DATA:

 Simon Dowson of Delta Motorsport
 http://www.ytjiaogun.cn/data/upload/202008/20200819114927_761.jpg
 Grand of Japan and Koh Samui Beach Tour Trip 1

---

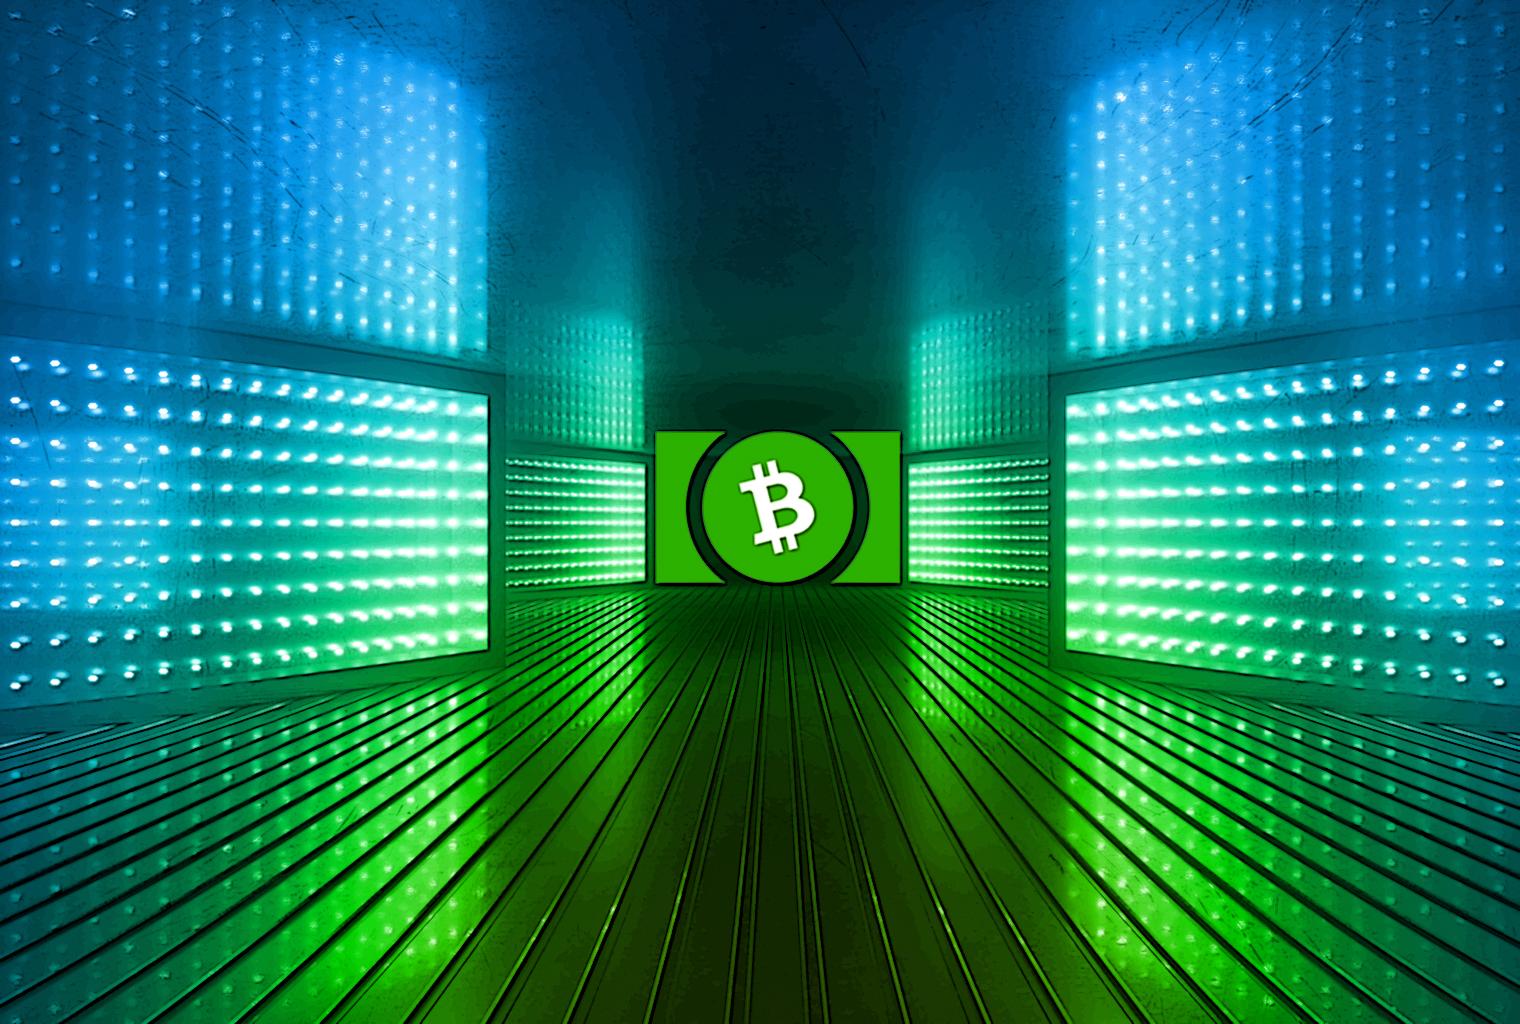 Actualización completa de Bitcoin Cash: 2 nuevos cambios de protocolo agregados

EXERCISE INSTRUCTIONS: Above are the records; from them, give again exactly the lines from the one containing "Simon Dowson of Delta Motorsport" to the one containing "Grand of Japan", both lines included, and nothing more.

ANSWER TO THIS TASK:
 Simon Dowson of Delta Motorsport
 http://www.ytjiaogun.cn/data/upload/202008/20200819114927_761.jpg
 Grand of Japan and Koh Samui Beach Tour Trip 1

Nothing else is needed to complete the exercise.